For which $c\in\mathbb{R}$ there exists $t\in\mathbb{R}^+$ such that $x_1(t)=0$ and $x_2(t)>0$ for the system $x_1'(t)=-200kx_2(t)-c\ ,\ x_2'(t)=-100kx_1(t)\ ,\ x_1(0)=10^4\ ,\ x_2(0)=5\cdot 10^3\ ,\ k>0$.
What I did: I found this form of $X(t)$: $$\begin{pmatrix}x_1(t)\\x_2(t)\end{pmatrix} =(\frac{c}{400\sqrt2k}+2500(1+\sqrt2))e^{-100\sqrt2kt}\begin{pmatrix}\sqrt2\\1\end{pmatrix}+(\frac{c}{400\sqrt2k}+2500(1-\sqrt2))e^{100\sqrt2kt}\begin{pmatrix}-\sqrt2\\1\end{pmatrix} -\begin{pmatrix}0\\\frac{c}{200k}\end{pmatrix}$$
If $x_1=0$ we get: $$t=\frac{10^2\cdot ln(\frac{c+10^6\cdot\sqrt2k(1+\sqrt2)}{c+10^6\cdot\sqrt2k(1-\sqrt2)})}{2\sqrt2k}$$
Which means that for $x_1$ to be able to reach $0$ we must have: $$c>10^6\cdot\sqrt2k(\sqrt2-1)$$
I wasn't able to simplify the expression for $x_2=0$ and arrive at a final answer.

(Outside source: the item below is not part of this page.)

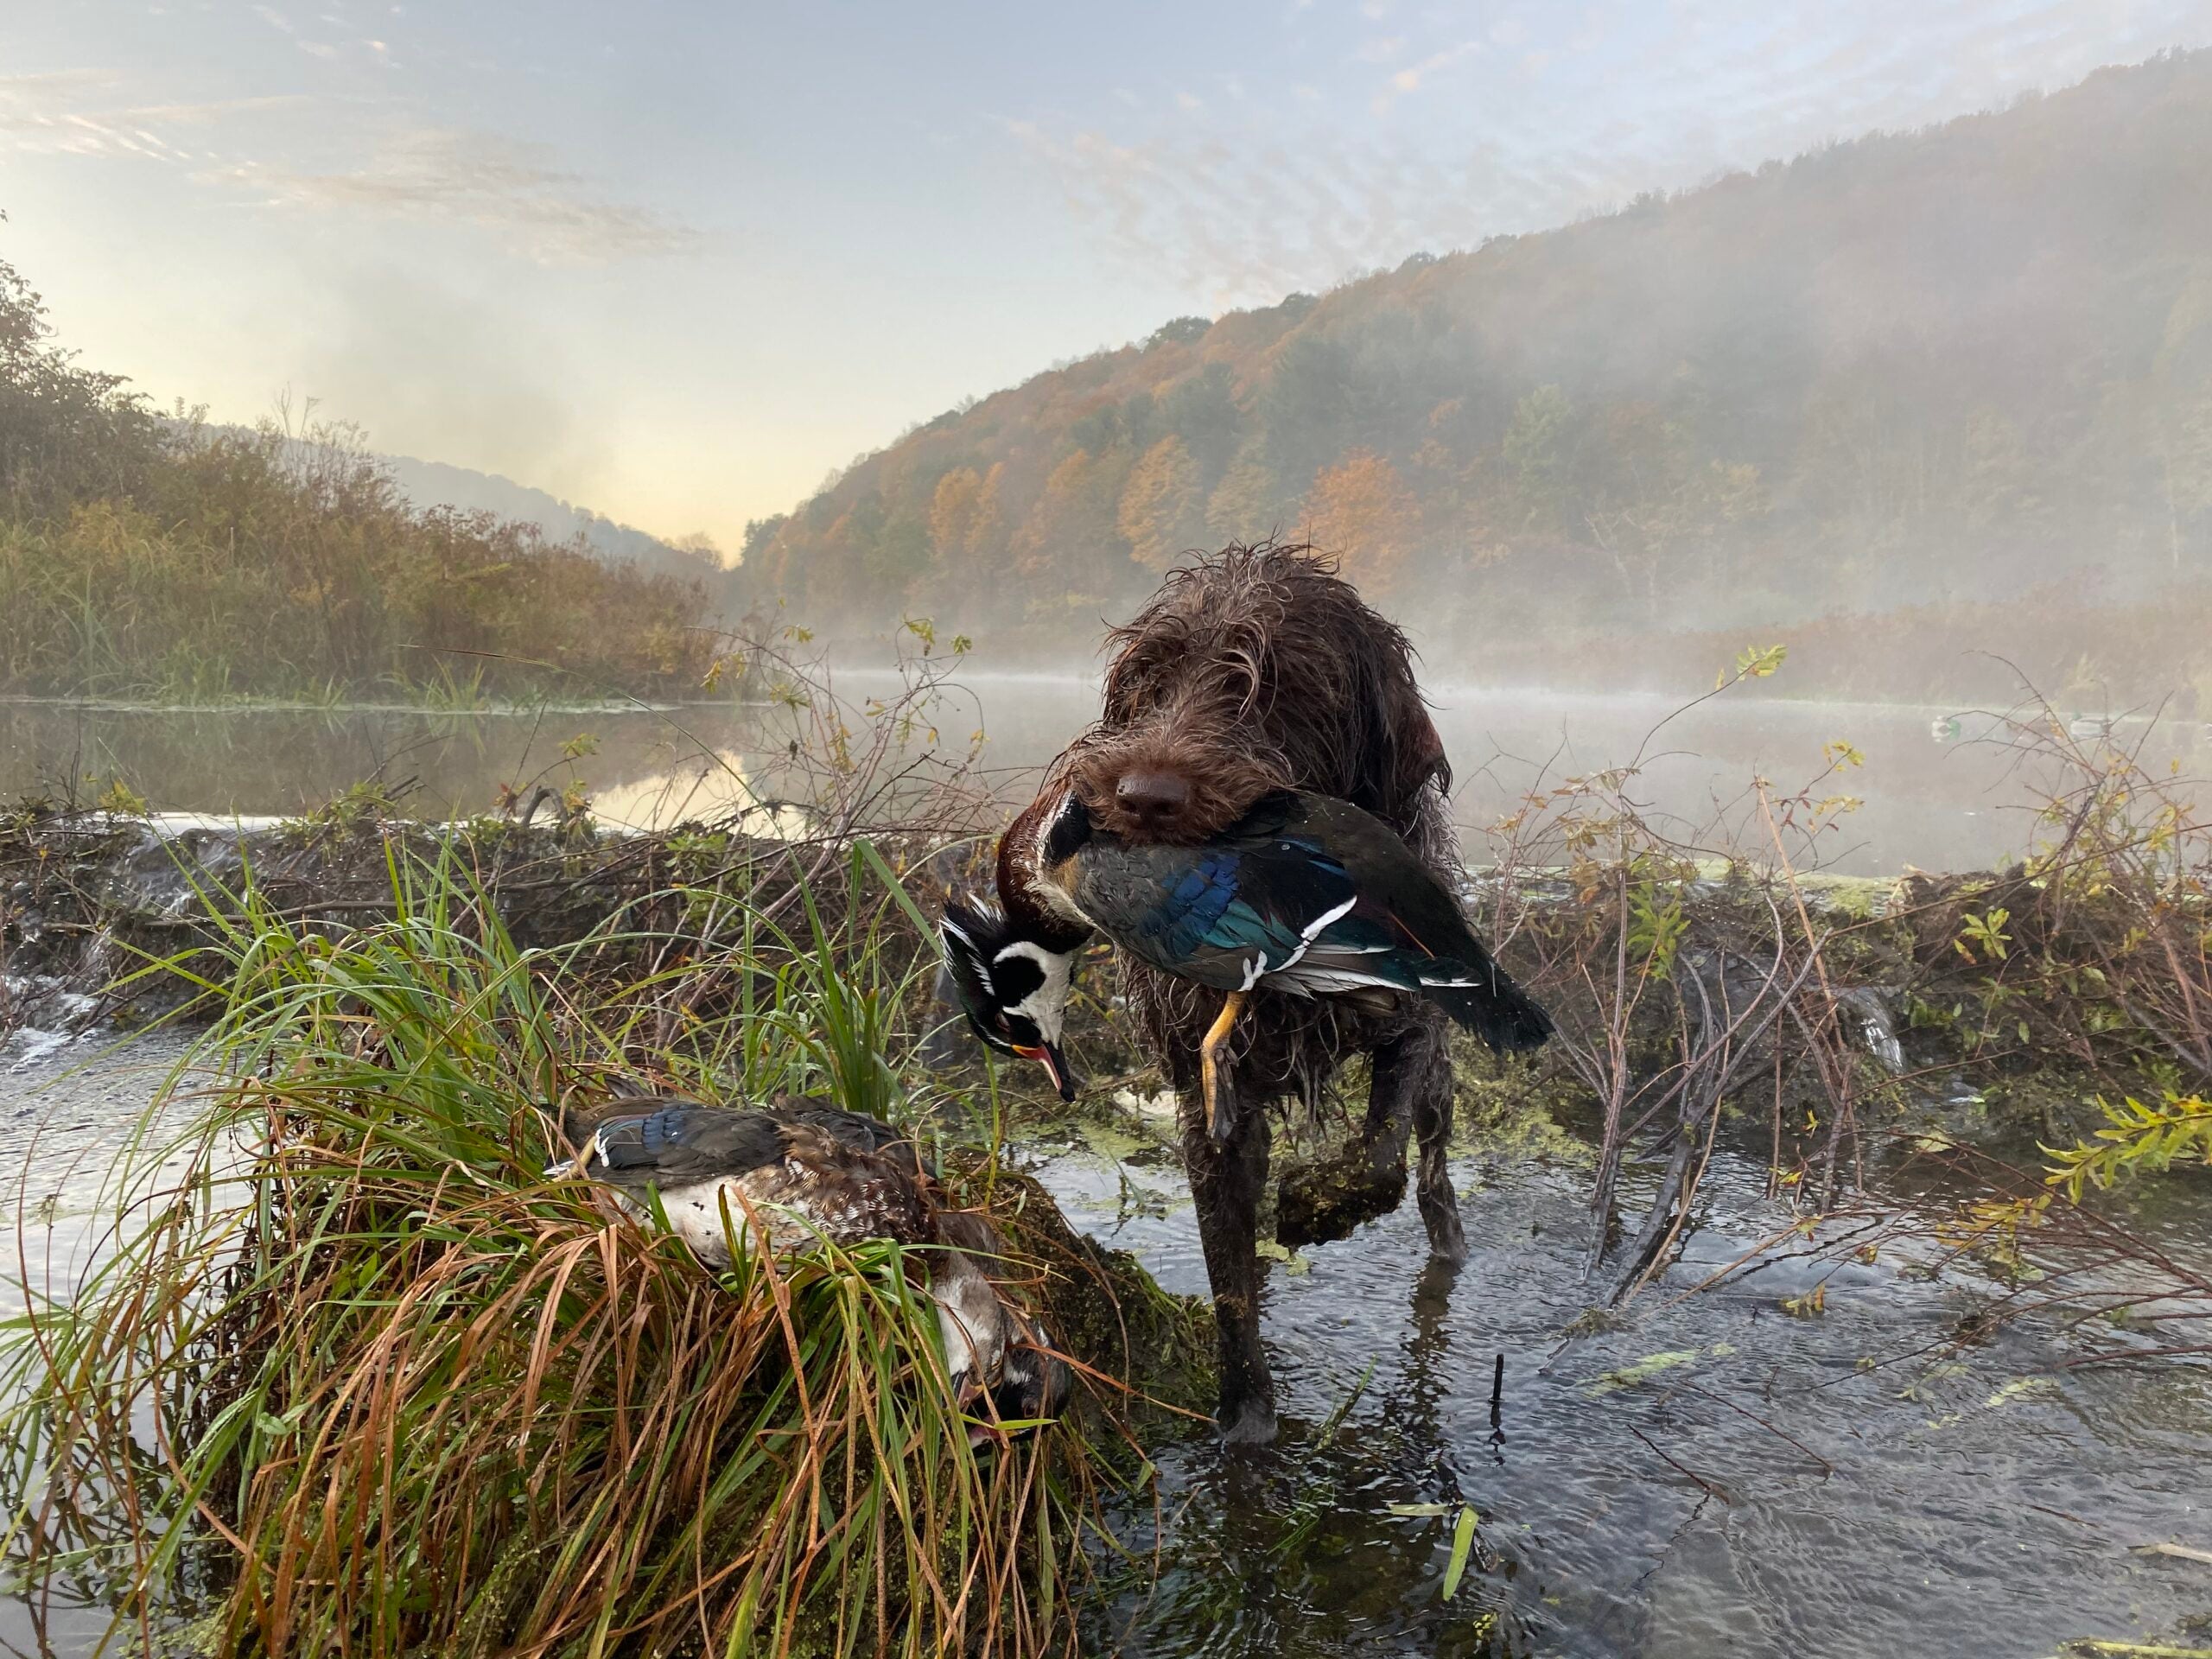 Wirehaired griffon retrieves a wood duck

You already expressed $t$ (such that $x_1(t)=0$ in terms of $c$). By the way, there should be
$$t=\frac{ln\left(\frac{c+10^6\cdot\sqrt2k(1+\sqrt2)}{c+10^6\cdot\sqrt2k(1-\sqrt2)}\right)}{200\sqrt2k}.$$
So it remains to make the respective substitution in the formula for $x_2(t)$ and then to find when $x_2(t(c))>0$.
That is
$$\left(\frac{c}{400\sqrt2k}+2500(1+\sqrt2)\right)\sqrt{\frac{c+10^6\cdot\sqrt2k(1-\sqrt2)}{c+10^6\cdot\sqrt2k(1+\sqrt2)}}+$$ $$\left(\frac{c}{400\sqrt2k}+2500(1-\sqrt2)\right)\sqrt{\frac{c+10^6\cdot\sqrt2k(1+\sqrt2)}{c+10^6\cdot\sqrt2k(1-\sqrt2)}}>\frac{c}{200k}$$
$$\left(c+10^6\sqrt2k(1+\sqrt2)\right)\sqrt{\frac{c+10^6\cdot\sqrt2k(1-\sqrt2)}{c+10^6\cdot\sqrt2k(1+\sqrt2)}}+$$ $$\left(c+10^6\sqrt2k(1-\sqrt2)\right)\sqrt{\frac{c+10^6\cdot\sqrt2k(1+\sqrt2)}{c+10^6\cdot\sqrt2k(1-\sqrt2)}}>2\sqrt2c$$
$$2\sqrt{(c+10^6\cdot\sqrt2k(1-\sqrt2))(c+10^6\cdot\sqrt2k(1+\sqrt2)})>2\sqrt2c$$
$$(c+10^6\cdot\sqrt2k(1-\sqrt2))(c+10^6\cdot\sqrt2k(1+\sqrt2))>2c^2$$
$$10^6\cdot2\sqrt2kc-10^{12}\cdot 2k^2>c^2$$
$$c^2-10^6\cdot2\sqrt2kc+10^{12}\cdot 2k^2<0$$
$$(c-10^6\sqrt2k)^2<0,$$
which is impossible.
PS. This simple answer suggests that there may be a more simple solution.